К этому примыкают и картины похорон Сталина, потрясающие обостренностью восприятия, масштабностью философского мышления, когда ирреальное и реальное как бы вливаются в единый поток, выходя за пределы возможного в искусстве. Отсюда же – "сумасшедшая мысль" художника Ростовцева "остановить мгновенье, противопоставить его хаосу, смерти, написать в е л и к у ю картину".
Но то, что он видит далеко не оправдывает все его представления о сущем. Остаются одни вопросы, на которые он как художник не может дать вразумительные ответы. Все его стройные и строгие представления о жизни и смысле ее неудержимо рушились; в чем же, в чем тогда нетленная красота, служению которой он положил всего себя, но что происходит, что происходит? Или разум и гордость человека простираются до определенных границ? Толчок, и опять главенствует инстинкт, темные, необузданные страсти? – спрашивал он себя... Ирреальность восприятия Ростовцева заводит его в дебри абстракции, где нет выбора. "Если а одном человеке заключалось все добро и гармония мира, то чего же тогда стоит тысячелетия цивилизации?

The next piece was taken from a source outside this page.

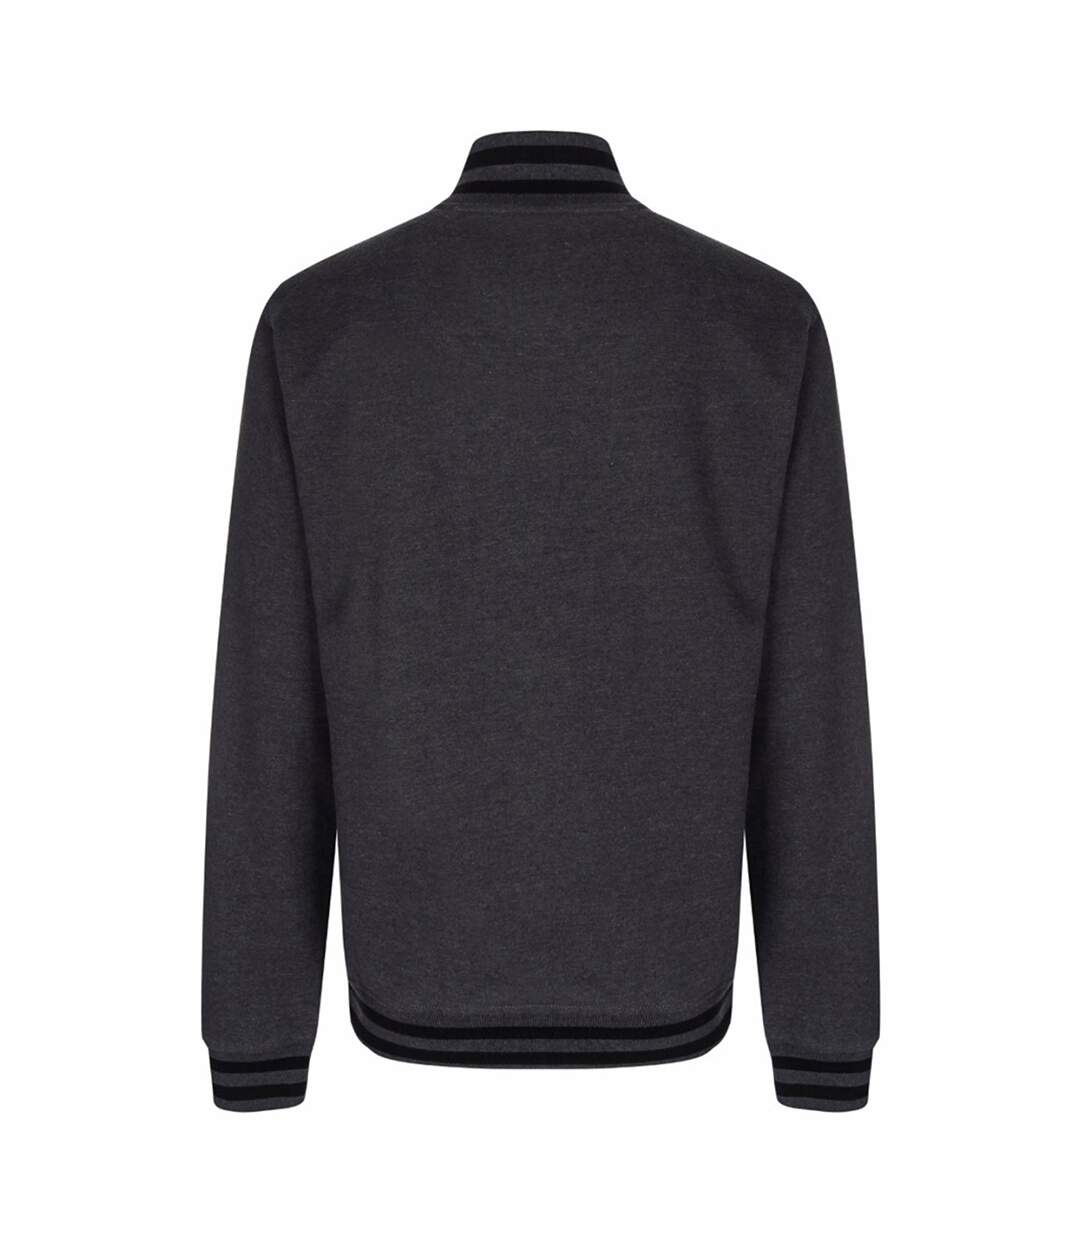 FDM Unisex Campus Varsity Jacket (Charcoal/Black) - UTBC3182

Или все они, эти прославленные эпохи высочайших и художественных достижений, накручены вокруг пустоты, вокруг вечного зияющего провала, бесследно поглощающего поколения за поколением?" (Заметим в скобках, что высочайшее напряжение проскуринской мысли в узловых сюжетных перепетиях никогда не прерывается, а находит свой выход, воплощение в действиях характеров)

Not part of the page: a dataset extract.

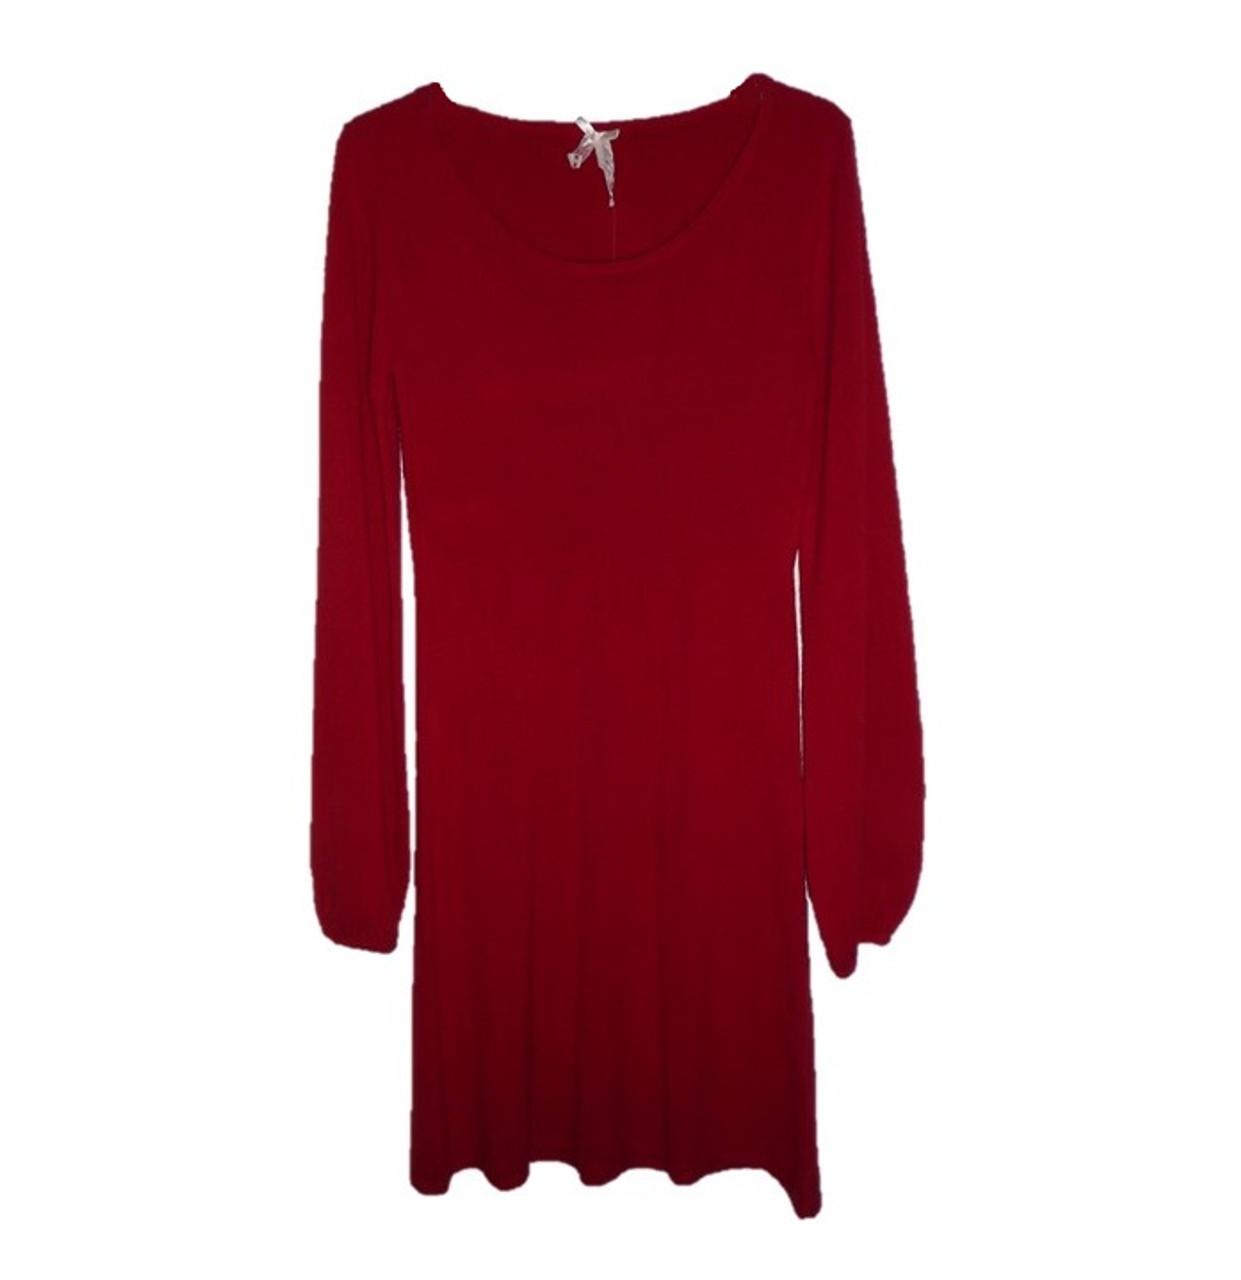 Womens Knit Dress Long Sleeve Red Sweater Dress

По-иному воспринимает происходящее умудренный жизнью Тихон Брюханов, в ином свете представляются ему "вечные вопросы" и подлинные ценности жизни и человеческих деяний. Стоя у гроба Сталина в почетном карауле, он размышляет о том, что история не раз и не два знала вот такие трагические разрывы во времени, но это всегда происходило по вполне определенным, конкретным законам, когда "одна эпоха полностью изживала себя и в жизни появлялись новые, более прогрессивные силы. Там все понятно. А здесь? Здесь все главное остается... Может быть, этот неистовый жестокий человек, любивший у себя дома, на даче ходить в подшитых, стоптанных валенках, этот властный политик, с а в о н а р о л а д е й с т в и я, просто боялся соперника рядом? А может быть, никакого прямого преемника и не нужно и быть не может, потому что вся программа на будущее уже неискоренимо заложена в самой партии?"
Тяжелые, неподъемные думы одолевают его, – и он в растерянности и тоске останавливается перед не разрешимыми законами бытия. Как и Ростовцев, Брюханов, не дает однозначных ответов на тревожащие его вопросы. Но в отличие от художника, ждущего спасения от измышленного сомнамбулического Гонца, обладающего даром ясновидца, Брюханов видит настоящую силу истории и главную движущую силу истории в ином: "в ту ночь он впервые с такой знобящей ясностью, плотски достоверно узнал, понял, ощутил, что народ действительно есть и что поэтому есть и бессмертие".
Это идея-фикс не только героя романа, но и убеждение Проскурина-художника и мыслителя, подтвержденное всей жизнью и творчеством мастера. Об общественно-политических условиях, в которых протекала его деятельность, у нас еще будет возможность поговорить.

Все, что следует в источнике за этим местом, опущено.